### Work instruction:
Apart from the images, the entire listing below must be restated word for word.

### Data excerpt:
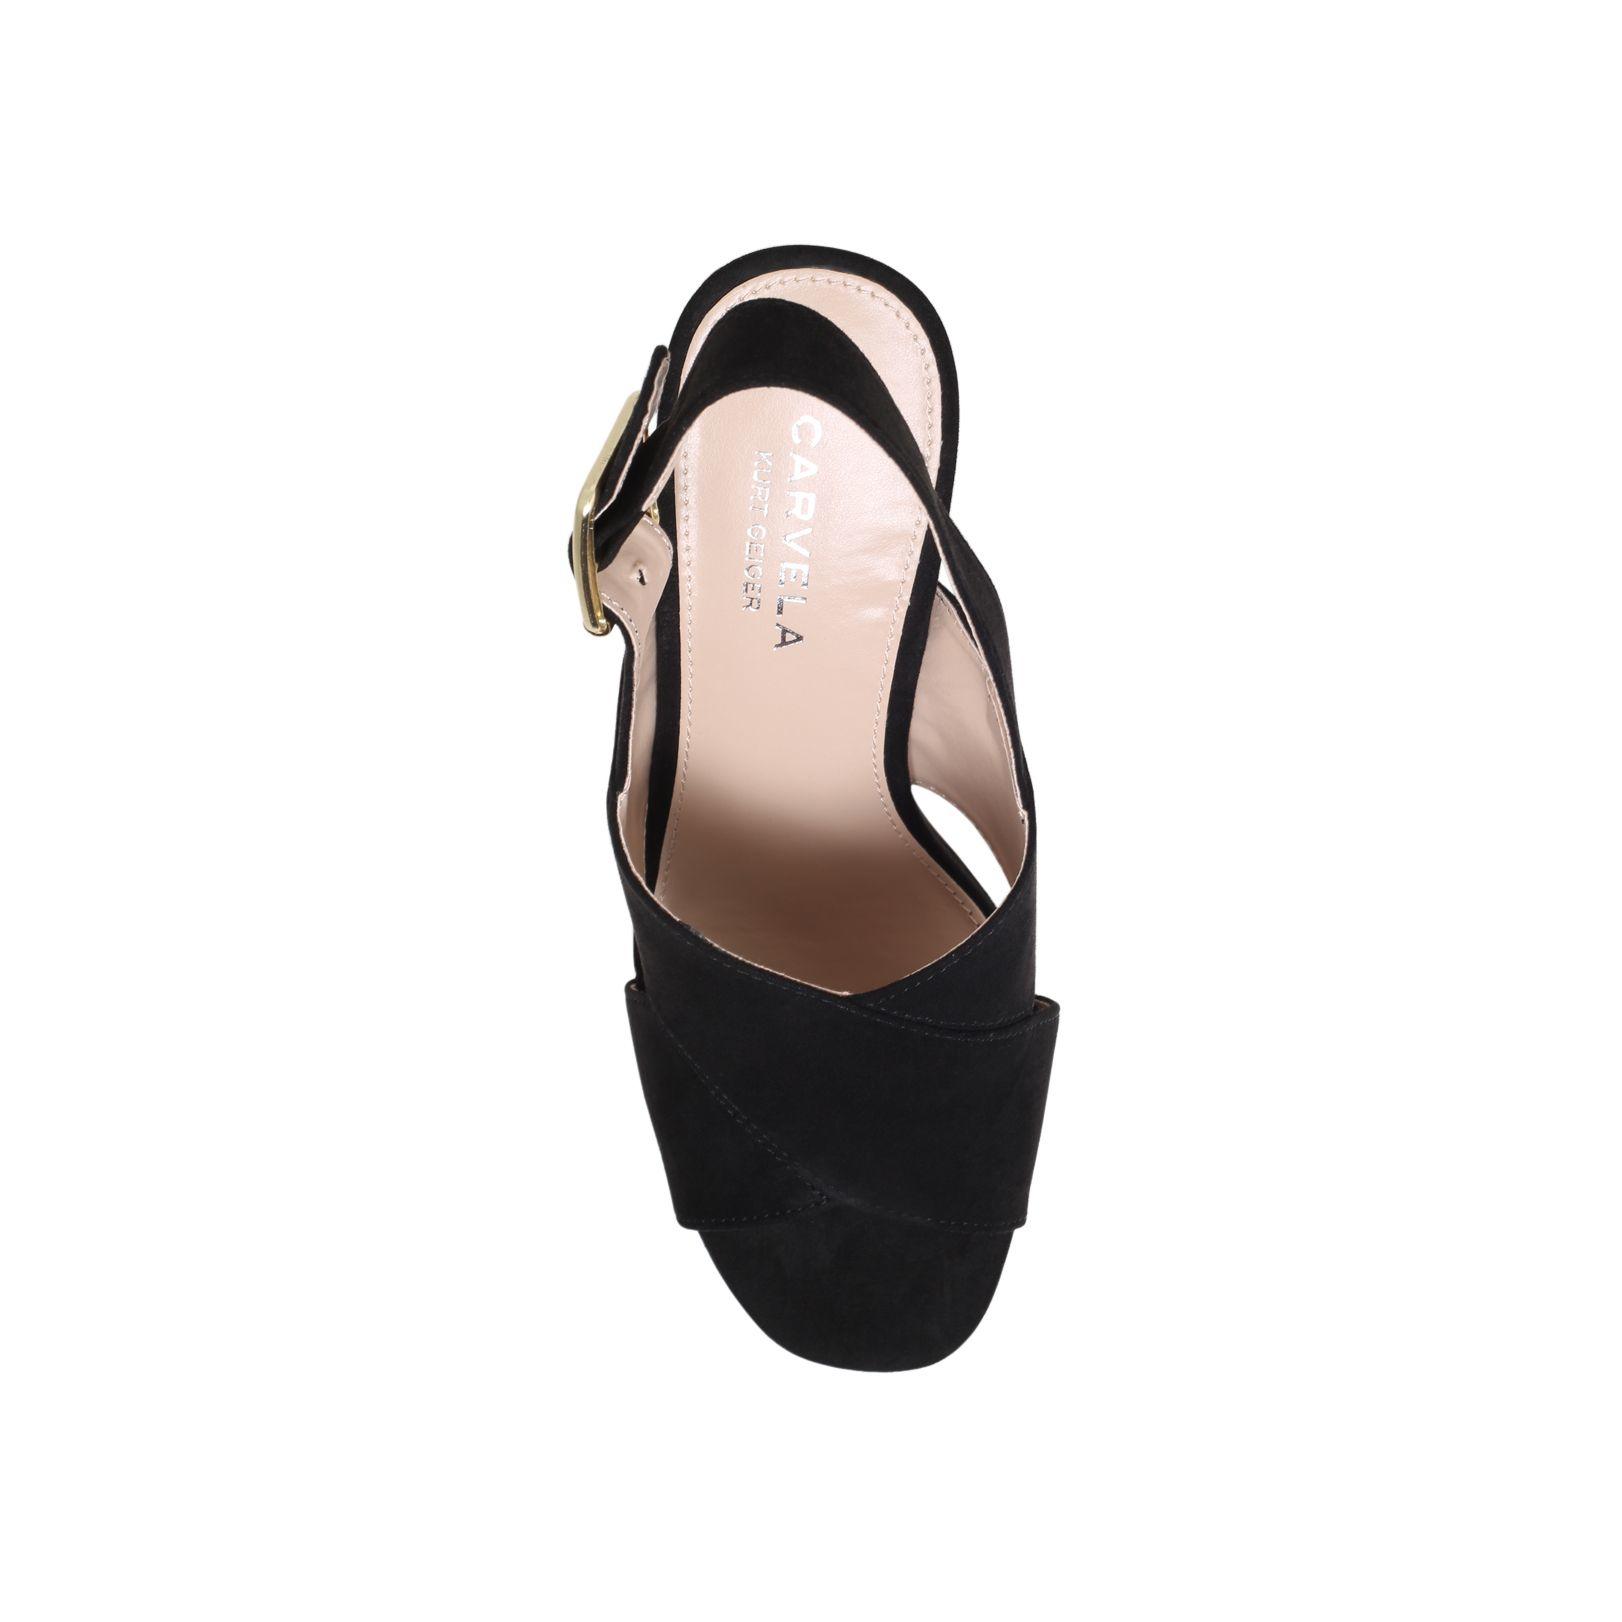 Carvela Serene High Heel Slingback Court Shoes
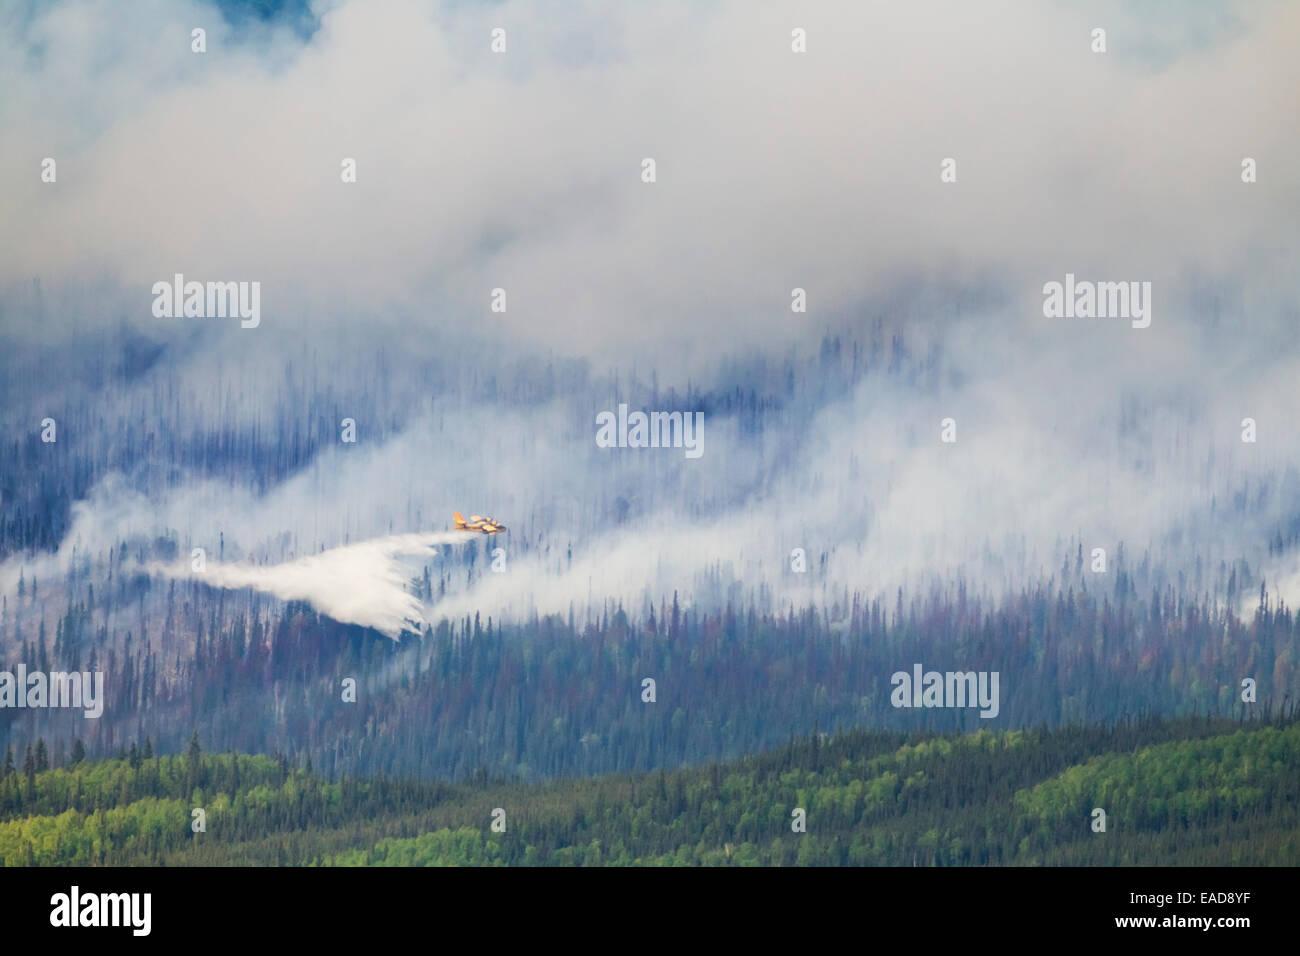 Rauch, Flugzeug, Brandbekämpfung, Waldbrand Stockbild
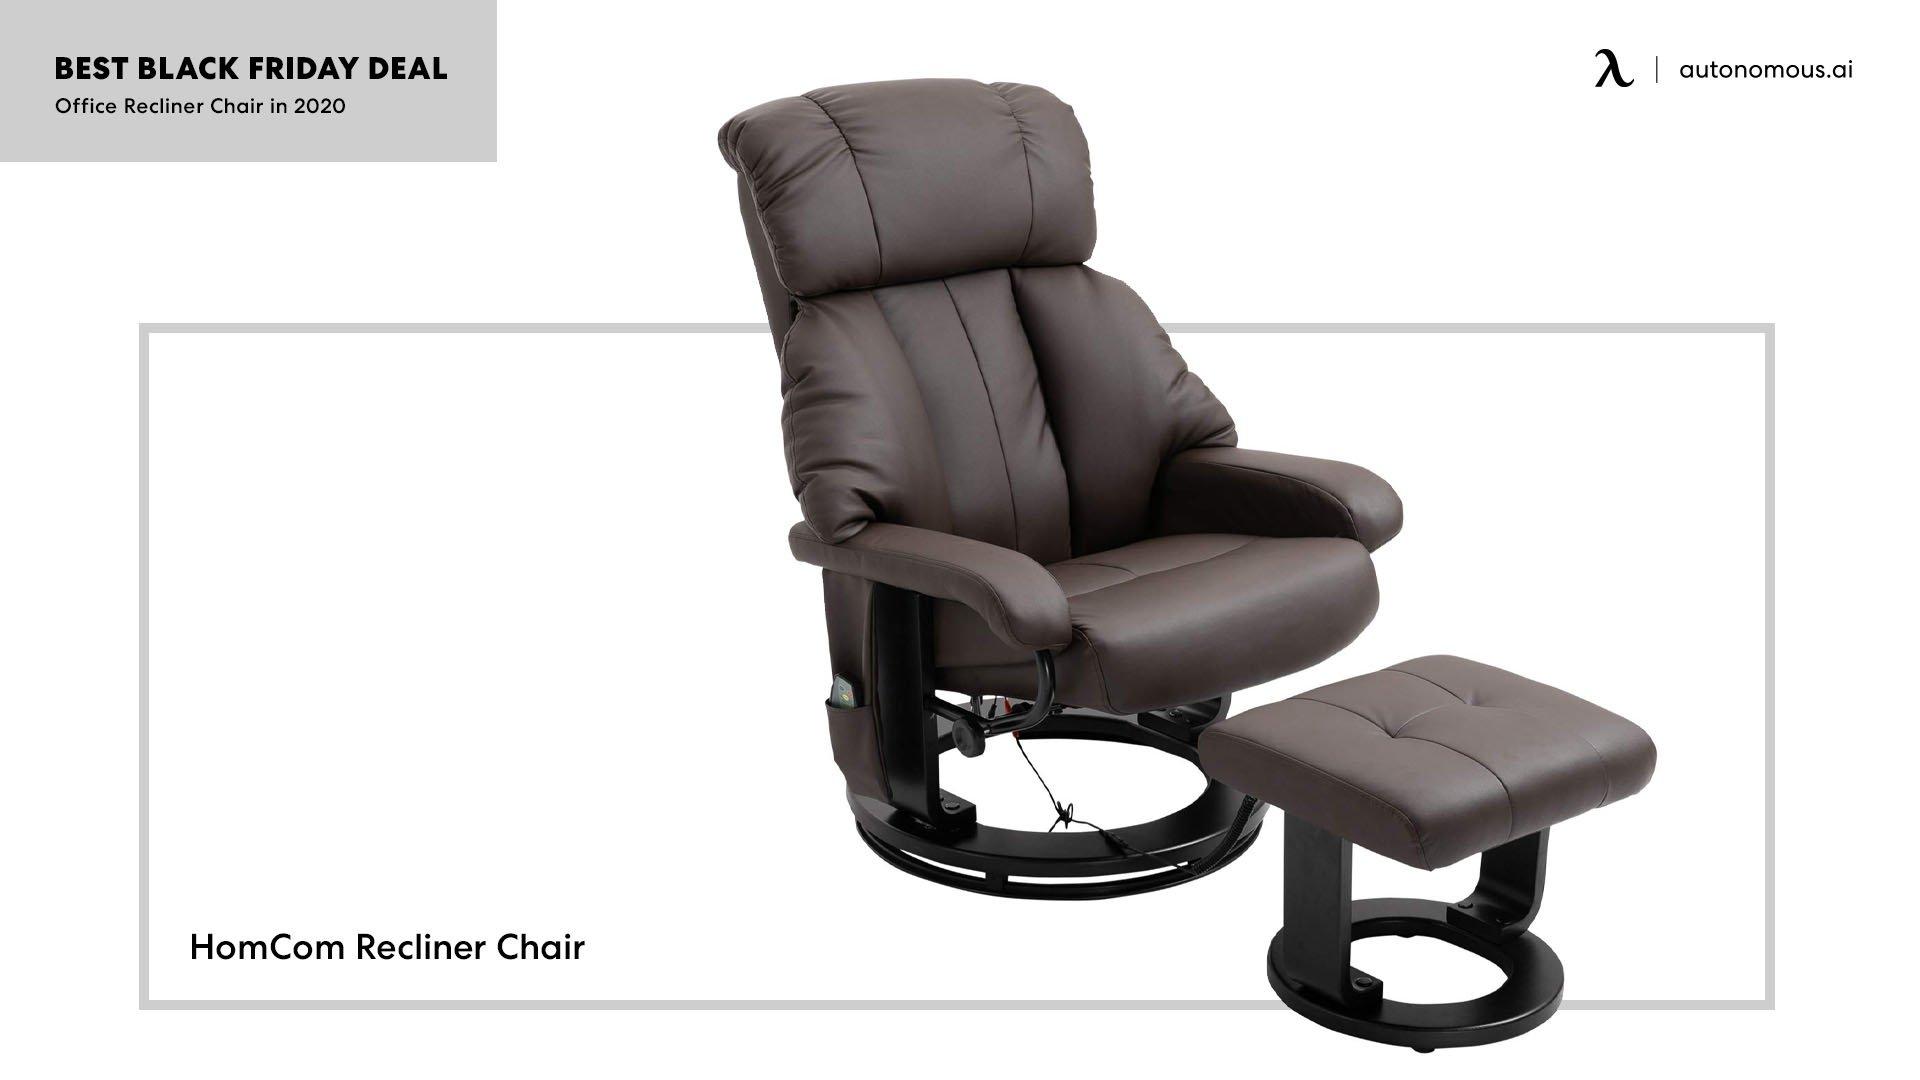 HomCom Recliner Chair
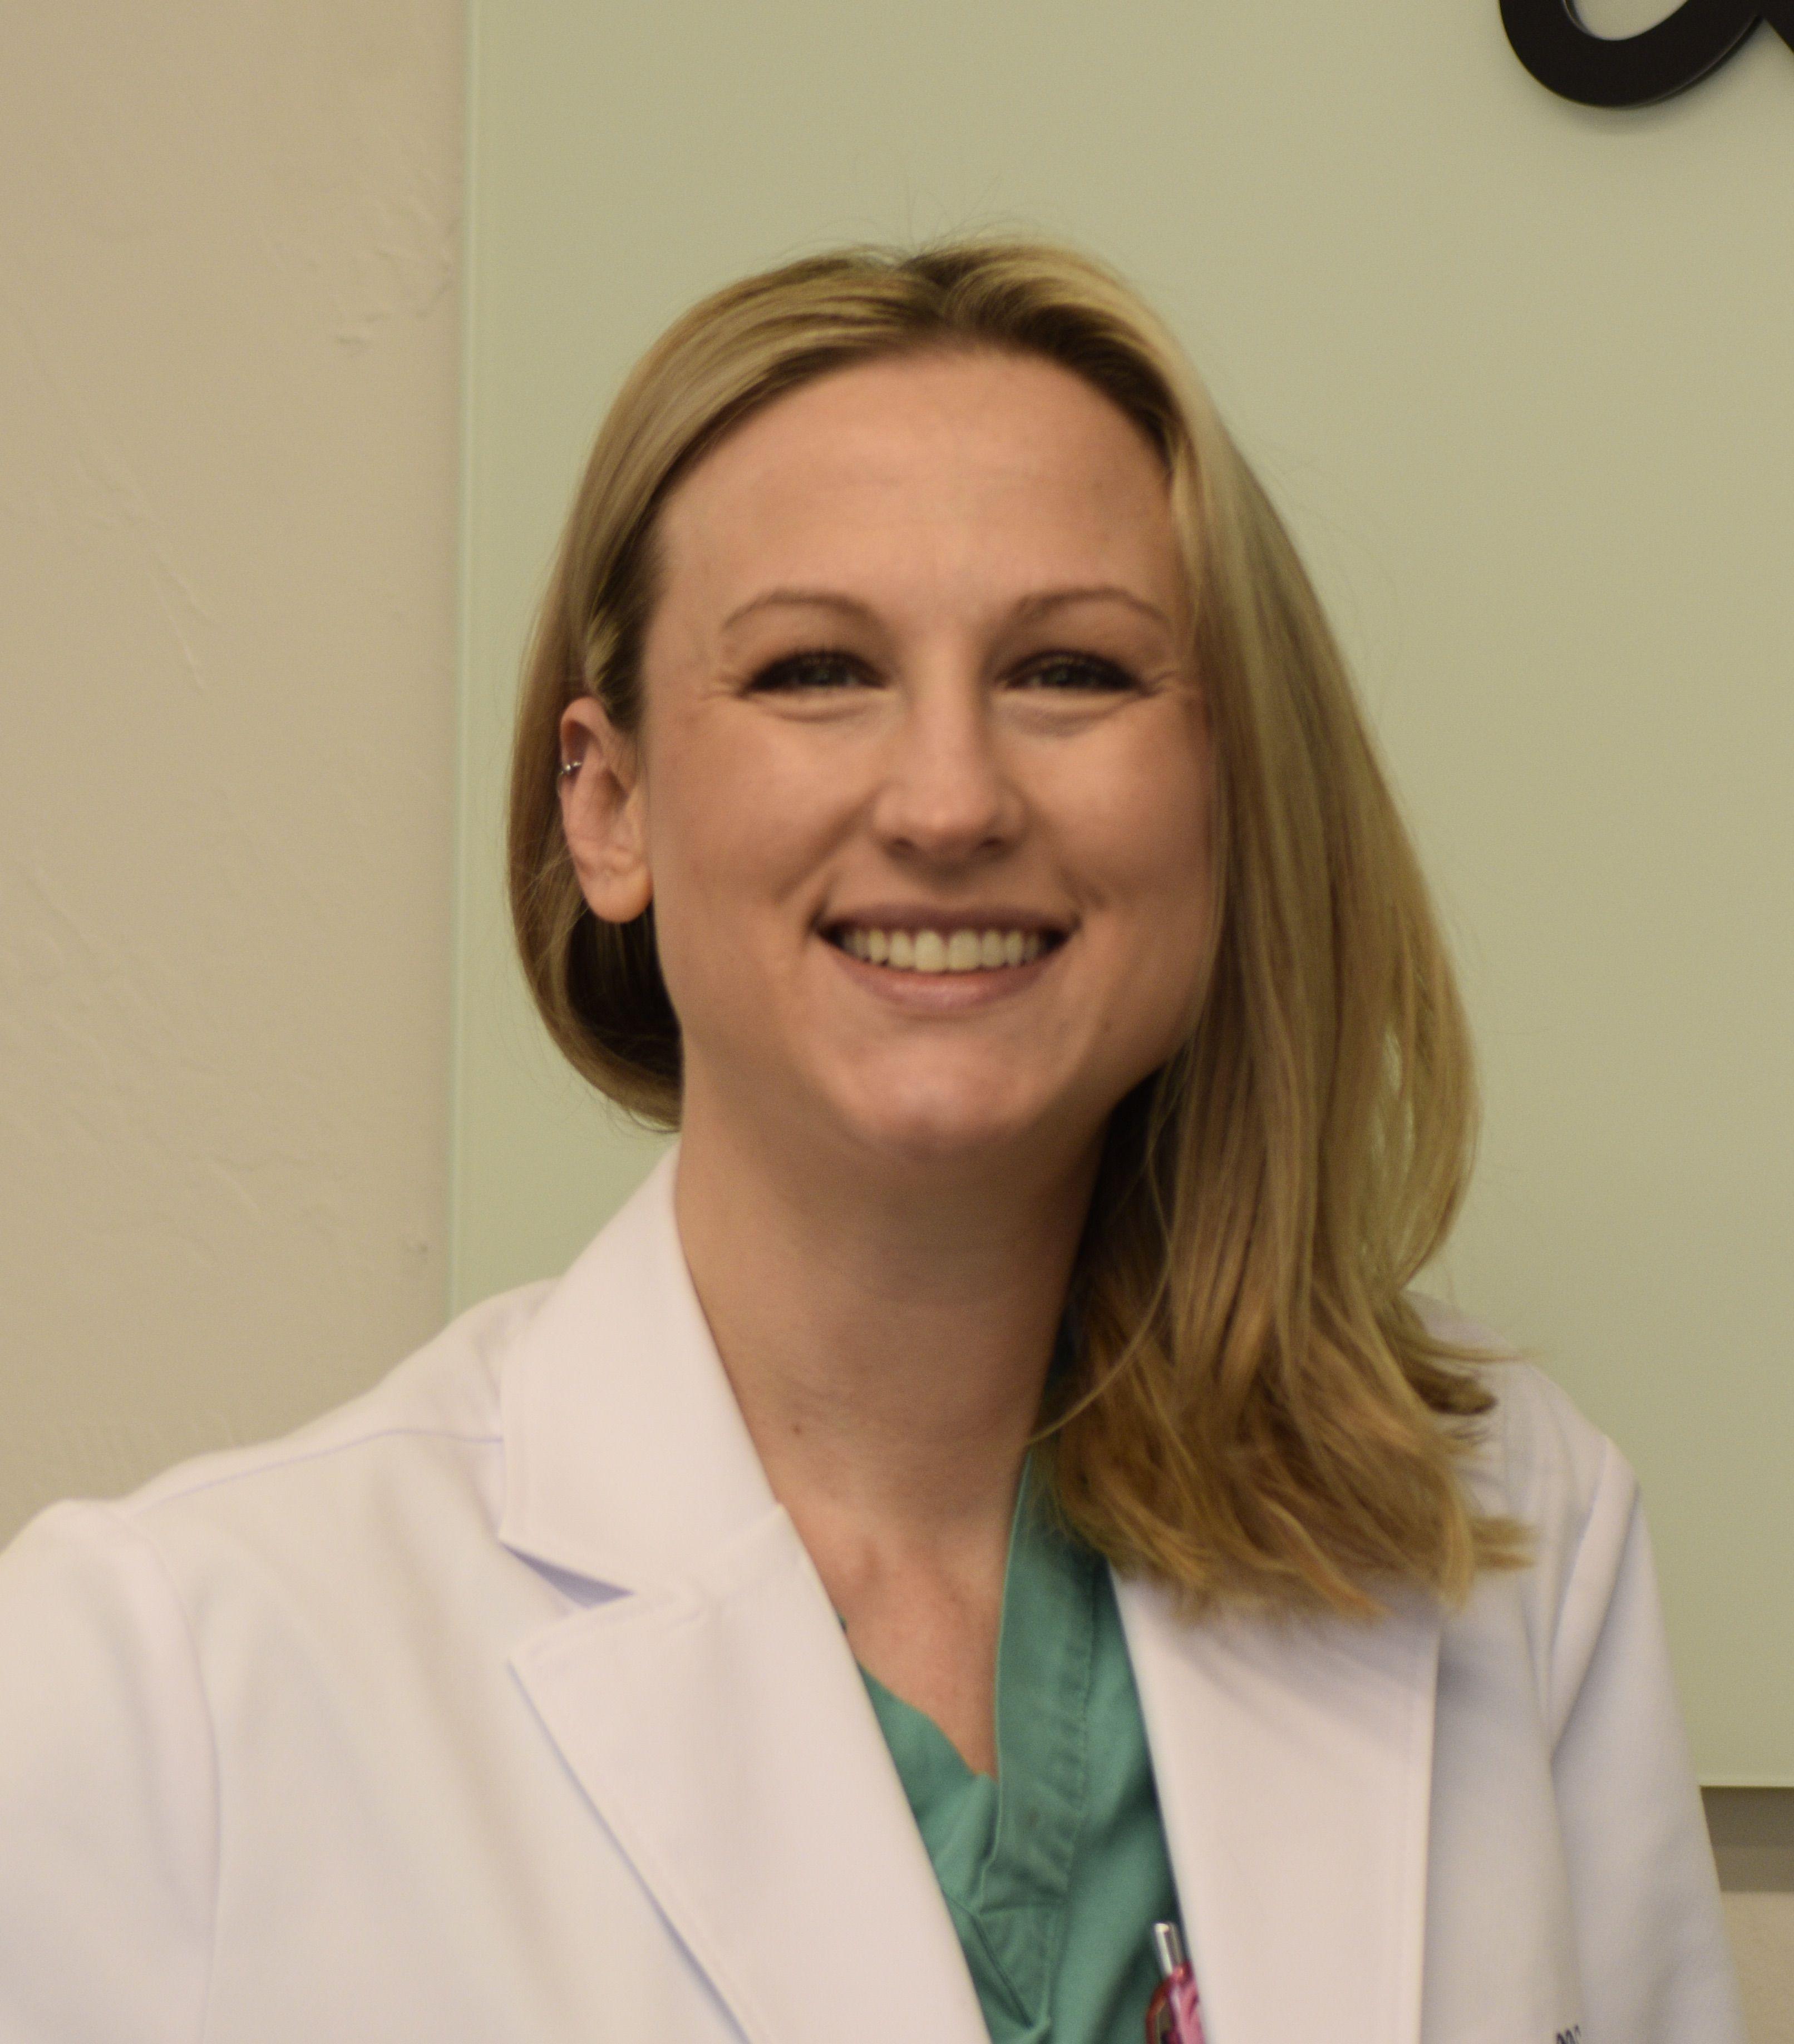 Dr. Kari Blankenship Dallas, TX

### The answer:
 Carvela Serene High Heel Slingback Court Shoes
 Rauch, Flugzeug, Brandbekämpfung, Waldbrand Stockbild
 HomCom Recliner Chair
 Dr. Kari Blankenship Dallas, TX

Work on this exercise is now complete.